Well said Sue. I was about to bring that up. The PDL is not a professional league. It is against their rules to refer to themselves as professional. It is this way because of the NCAA eligibility rules, along with the fact that the PDL is a unique development league. The PDL can not go pro. Your typical PDL team pays around 2,500 dollars in player salaries. That's it. These franchises are around because most are financially viable. Throw in more travel, or more salaries, you are toast. What I see ultimately happening is that more clubs join USL in the lower leagues. The teams would grow a fan base and then make the move to the higher leagues. I think the main reason why there is a D3 is due to the fact that these teams can not afford to keep up with the A-League teams budgets. So there is a lower level league like D3. I am happy with the way the leagues currently are. Obviously it would be great if there were more teams in the A-League. We could say the same about MLS. It will be when people with the money can afford it and when the fans start filling stadiums, that we will see these leagues grow in size.
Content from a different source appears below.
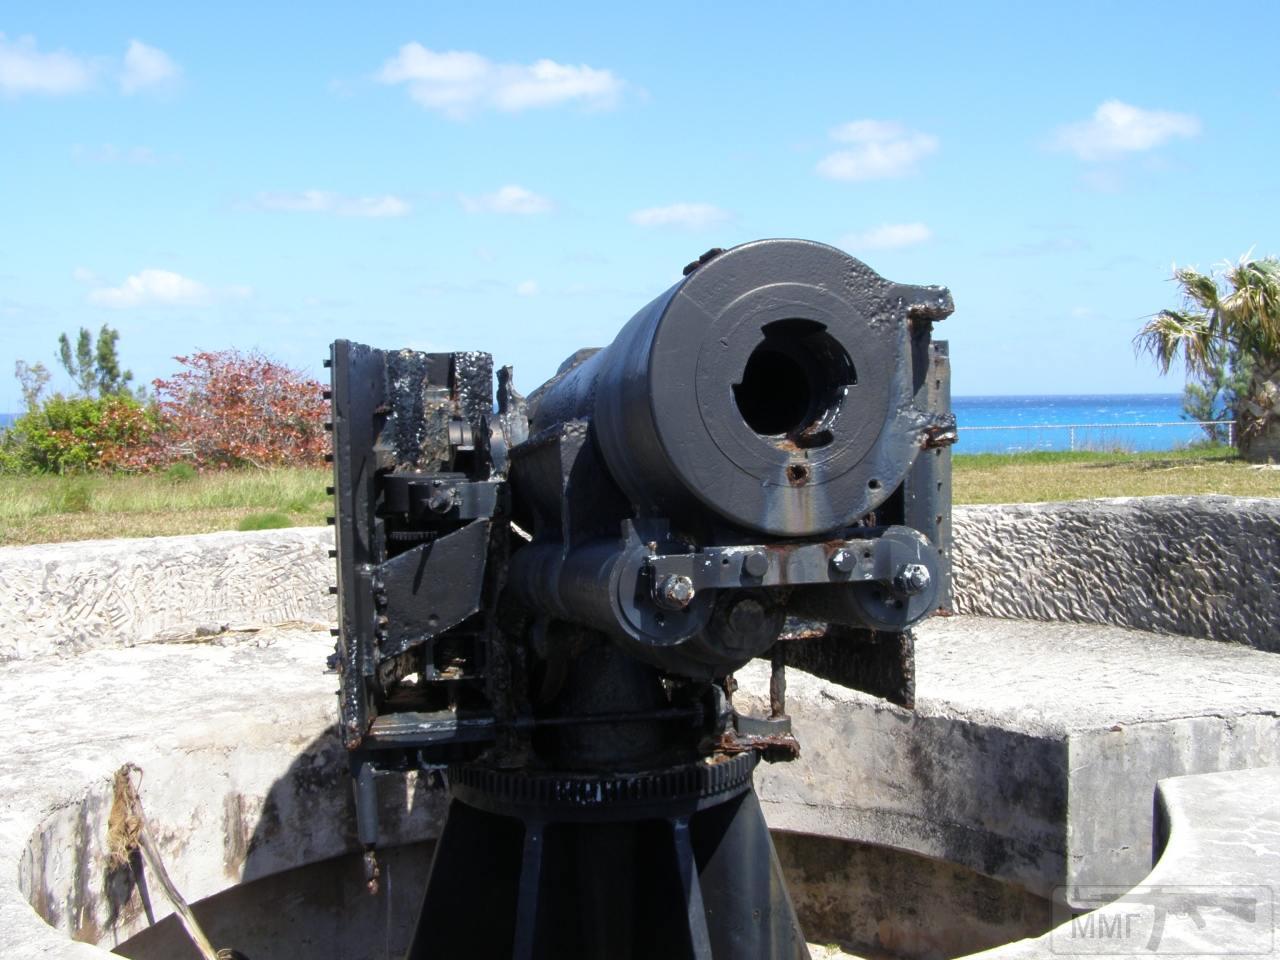 35022 - BL 6-inch Mk VII

Current: MLS: 10 teams AL: 18 teams: 14 American, 4 Canadian D3: 18 teams, all American PDL: 47 teams: 45 (?) American, 2 (?) Canadian My vision: MLS: 16 AL: 16 American CUSL: 8 (CUSL or something resembling that in the Great White North); would play their interlocking-schedule idea with the AL D3: 8 to 10 if the league exists at all. It would be more of a "PDL+" than an "AL-" league. PDL: Any number will do, but 24-30 would help development in that players would have better competition every week. Each MLS team would have their primary affiliate in the AL, with their second affiliate in the D3 or PDL (their choice), with any youth teams they want in the SuperY-League. The D3 would have to have a lot of scheduling flexibility, playing against PDL, CUSL, or maybe even CUSL-second-division teams. But frankly, I do see their better teams merging into the AL and the weaker teams going to the PDL, eliminating the D3. The only reason I would see them survive is if there is a need for a pro league independent of the MLS feeder system.
My vision: MLS 24 teams (36 in 20 years) in 2 divisions (4 divisions for 36 teams) AL merged with D3 - 6 divisions, 8 teams each division (48 teams) PDL - 8 divisionsx8 teams (64 teams)
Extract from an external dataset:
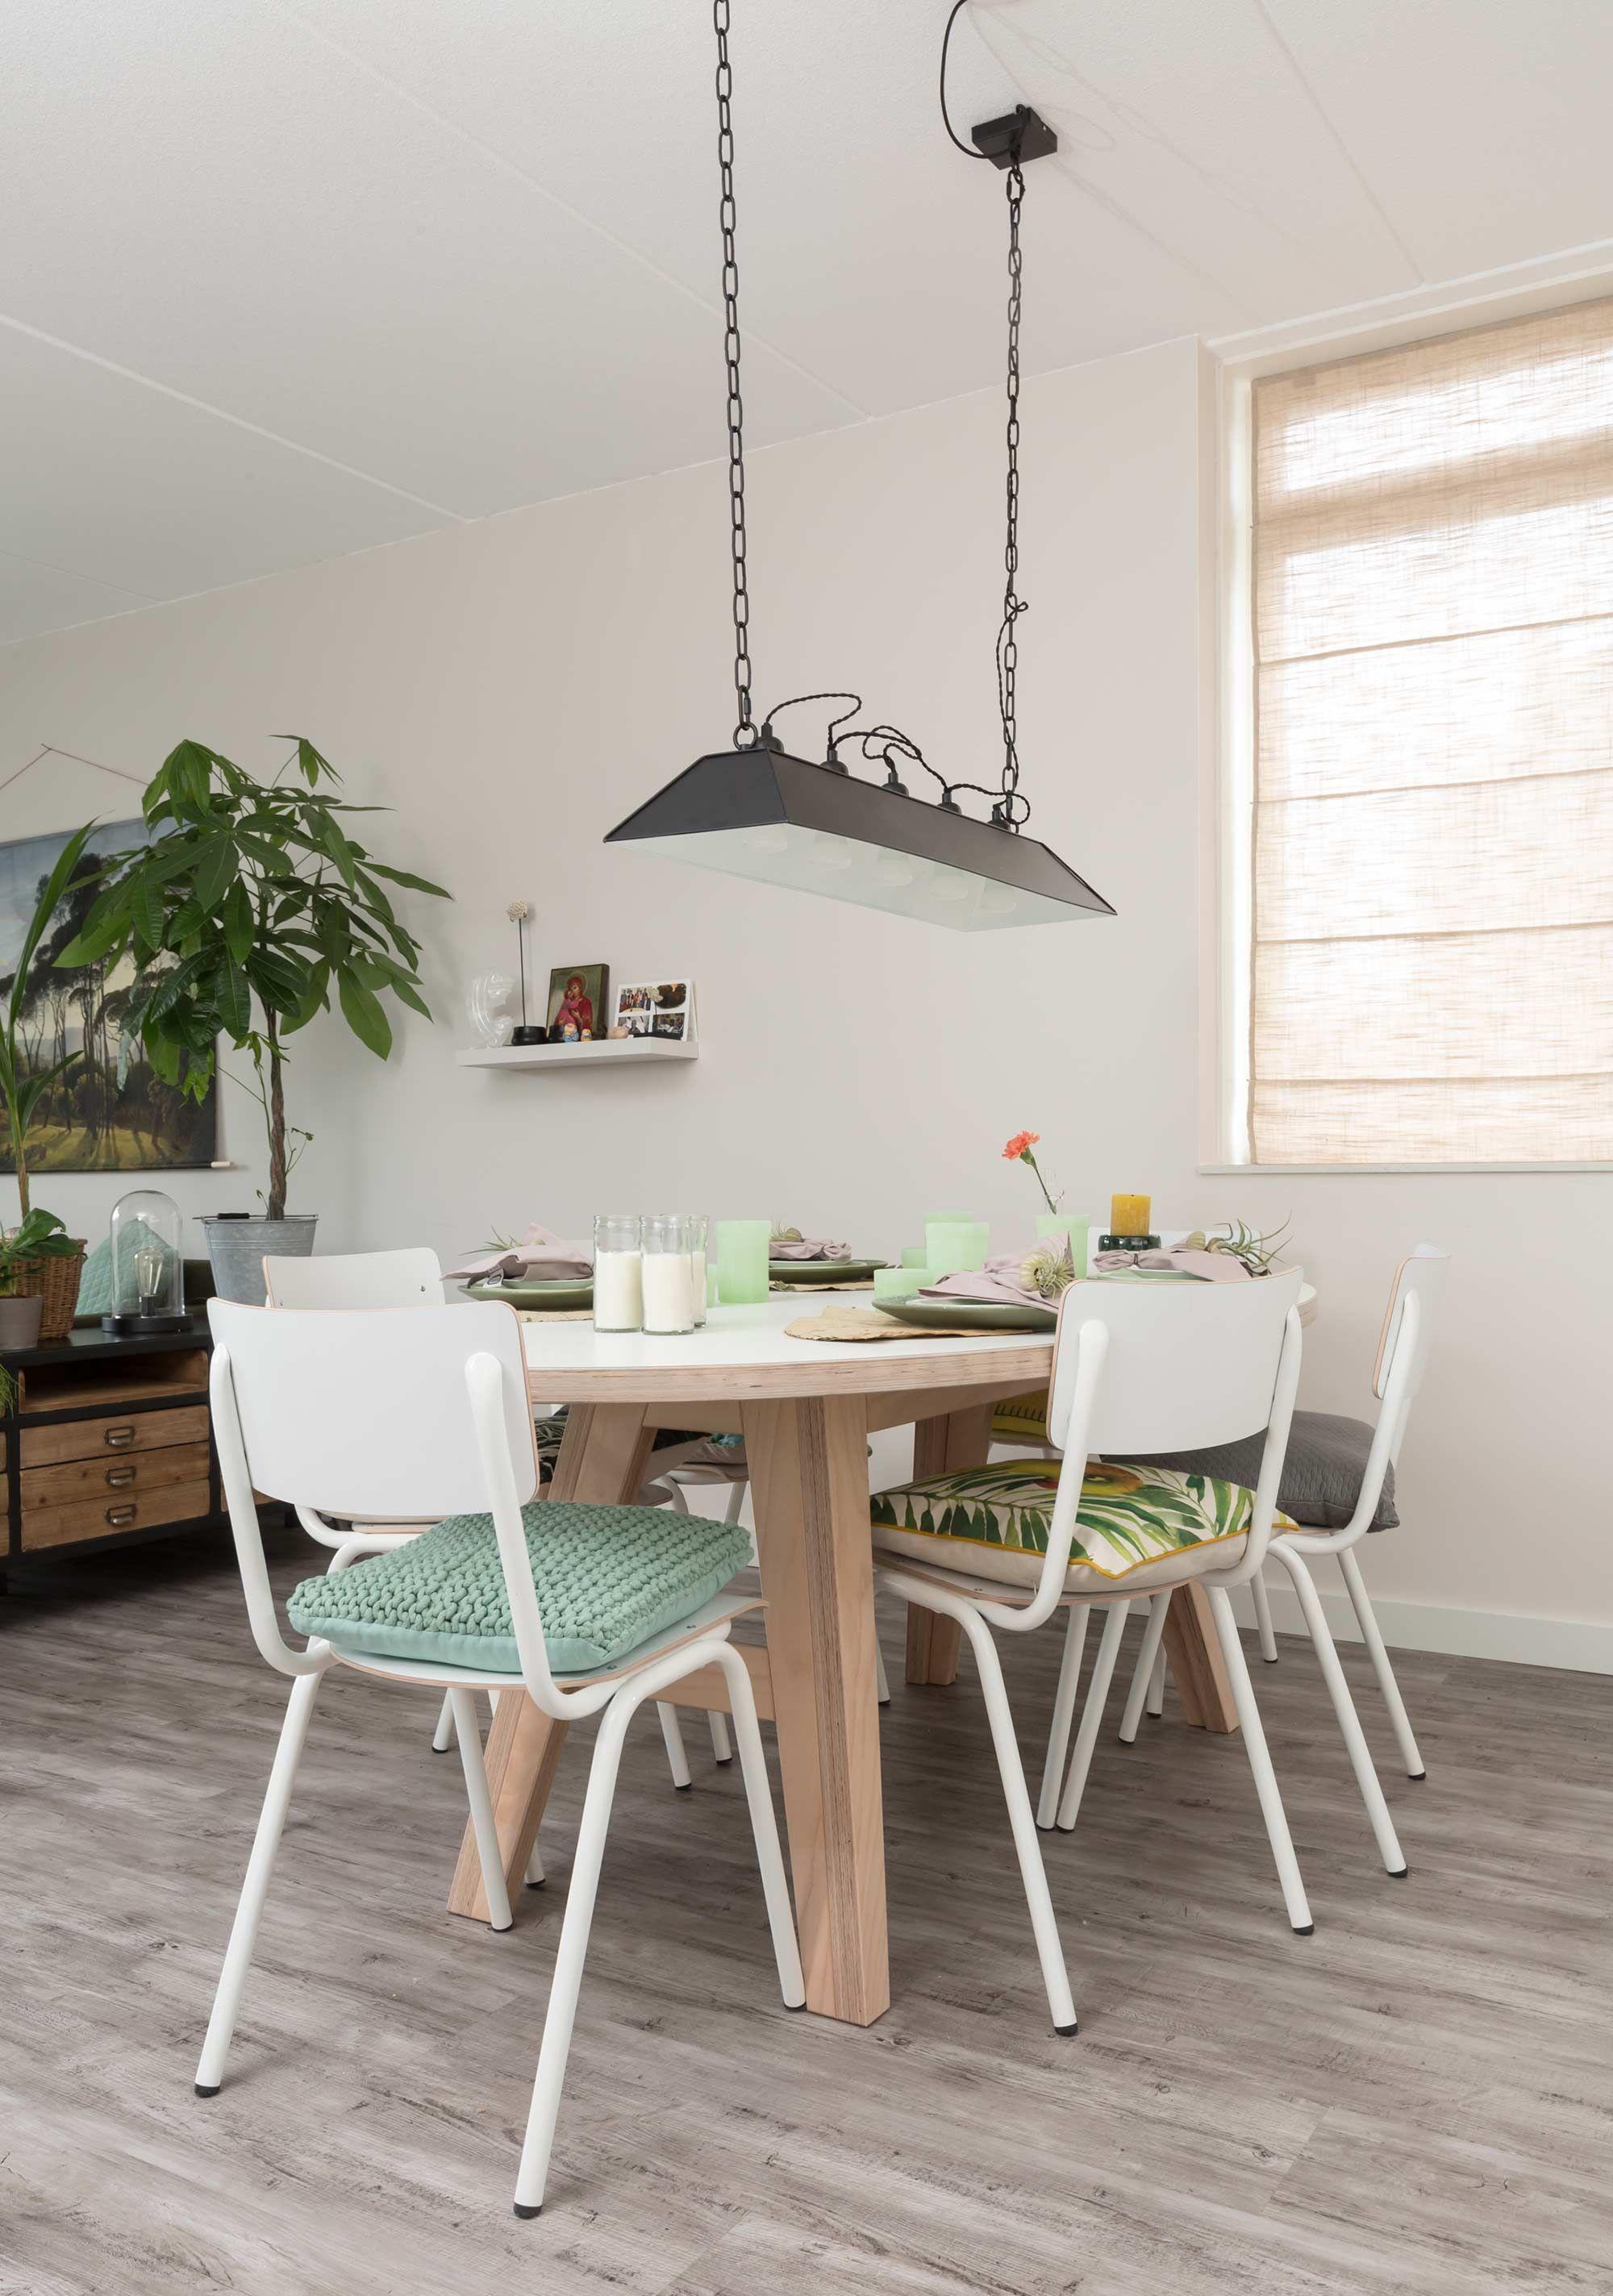 Aflevering vt wonen. inspiratie kleuren pallet, keuken woonkamer ...

not having a rochester team and a toronto team in the same division is crazy, only 2 hours away. Rochester is closer to the midwest teams the the New England/NYC area team. Only 4-5 hours from Cleveland, Pittsburgh. Compared to NYC 7, Connecticut 7 and Boston 8.
The CUSL proposal is DOA. The A-League teams wouldn't go along with the idea. The only option acceptable would an independent league. That means no more Canadian teams in the A-League.
The CUSL proposal being dead has nothing to do with the A-League not going along with the idea, it never got that far along for them to say yes or no to the idea.
I wasn't talking in terms of 20 years, closer to 5 or 8 or 10, after MLS expands once or twice, the Canadians decide if they want their own league, and the D3 is decided upon. I see "my vision" (SJJ's) as do-able in six years. I don't know if "my vision" (soccer4ever's) will really come true in even 20 years: 84 pro teams?
You don't need 40K stadiums in all A-Leagues cities. A 7-10K stadium will do. But that's the footprint soccer needs in this country. Remember, this year more than 7 million attended a minor league baseball game and the season is not over yet! Every metro area should have an MLS team and every large city should have an A-League team.